Why Excellence Should Never Excuse Harm

Why Excellence Should Never Excuse Harm

The latest reporting around René Redzepi and Noma, arriving just as the restaurant’s Los Angeles residency begins, has brought an old and uncomfortable conversation back into view.

Former employees’ allegations have reignited discussion around abuse, fear, hierarchy, and the kinds of behavior that have too often been normalized behind the scenes in elite kitchens. Redzepi has responded publicly, and Noma has said the allegations reflect its past rather than its present.

But this conversation no longer belongs only to one chef or one restaurant. It points to something larger – the culture that allowed this kind of behavior to feel acceptable for so long.

In hospitality, as in many industries, exceptional talent is often granted exceptional allowances. When someone is admired enough, ordinary standards of behavior begin to soften around them. Outbursts are recast as intensity. Poor leadership is excused as perfectionism. Harm disappears behind the language of excellence.

To me, this is an important reminder of something that should be obvious, yet for too long has been treated as normal: abuse, humiliation, fear, and toxic pressure should never be accepted as part of greatness.

Yes, hospitality is demanding. Great restaurants require discipline, speed, standards, and resilience.
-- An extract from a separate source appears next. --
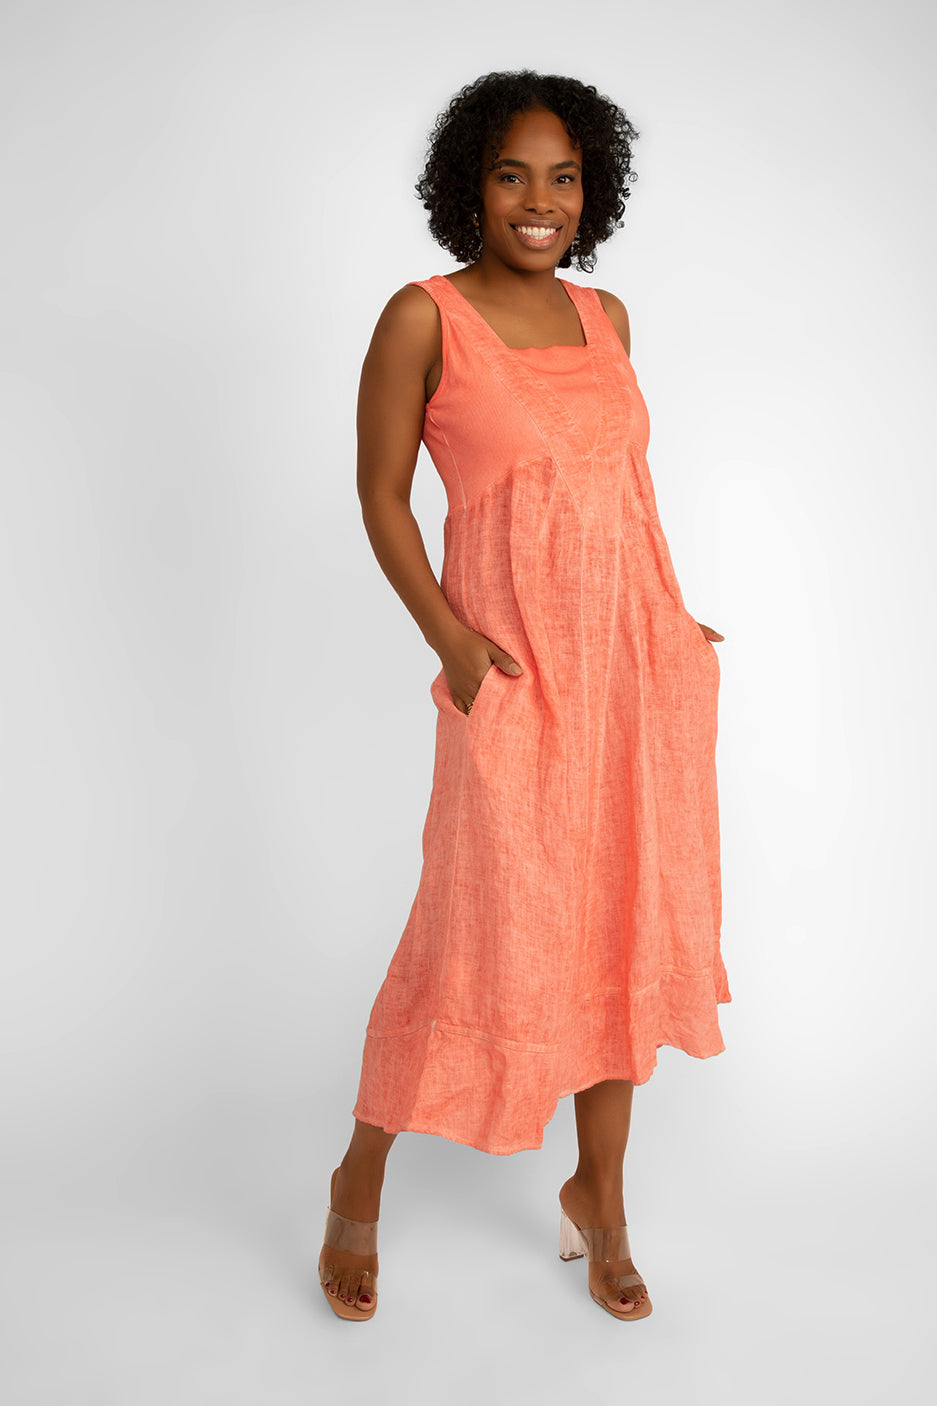 Carre Noir (6807) Sleeveless Square Neck Garment Dye Linen Dress in Coral
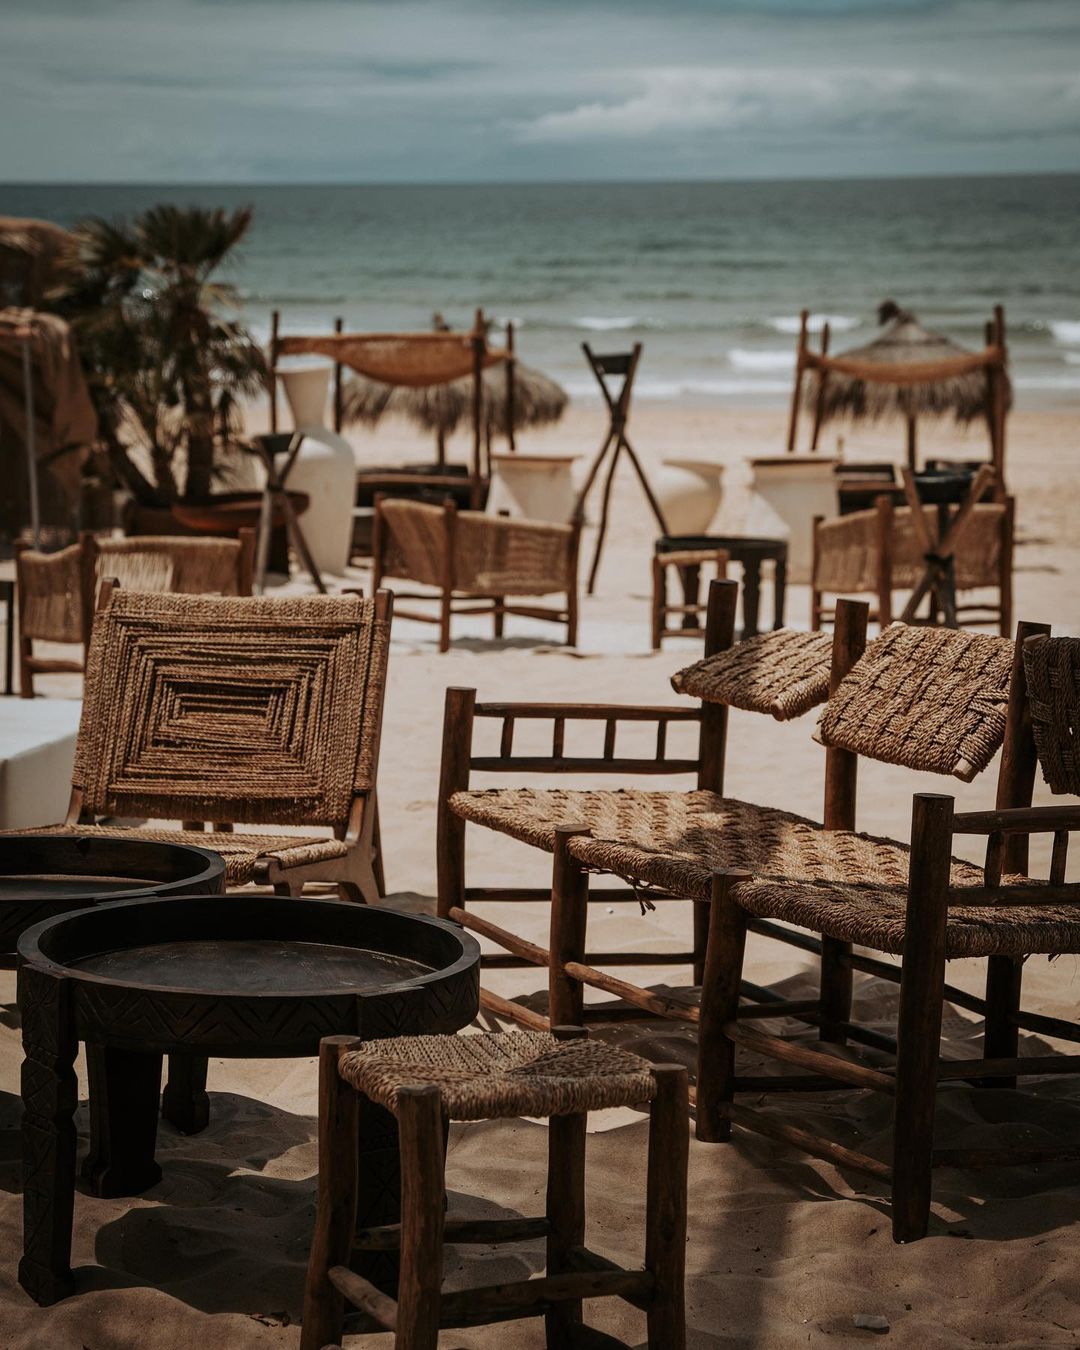 Moroccan beach furniture at Casa Reia - Best Exotic Beach Clubs in Europe

But none of that should come at the cost of basic human respect.

For years, the industry has romanticized the image of the “hard” kitchen – intense, aggressive, emotionally heavy – almost as if suffering were proof of seriousness. That image was reinforced not only inside restaurants, but also through food media and television, where the screaming chef became part of the entertainment and, in many ways, helped make this behavior feel familiar, even acceptable, to the public. Figures like Gordon Ramsay, especially through shows such as Hell’s Kitchen and MasterChef, helped make this style of kitchen behavior feel familiar, even normal, to audiences. 

This kind of culture should not be normalized. It should not be tolerated. And it should never be protected simply because a restaurant is successful, fashionable, or influential.

Pressure is not leadership. High standards are not cruelty. And brilliance should never become an excuse for behavior that harms people. 

Beautiful food, strong service, and ambitious ideas are not enough if the culture behind them is built on fear.

True hospitality, in my view, should begin behind the scenes. If this industry is built on care, beauty, generosity, and experience, then those values should also be present in the way teams are treated.

The future of fine dining should be judged not only by what arrives on the plate, but also by the kind of environment in which that plate was created.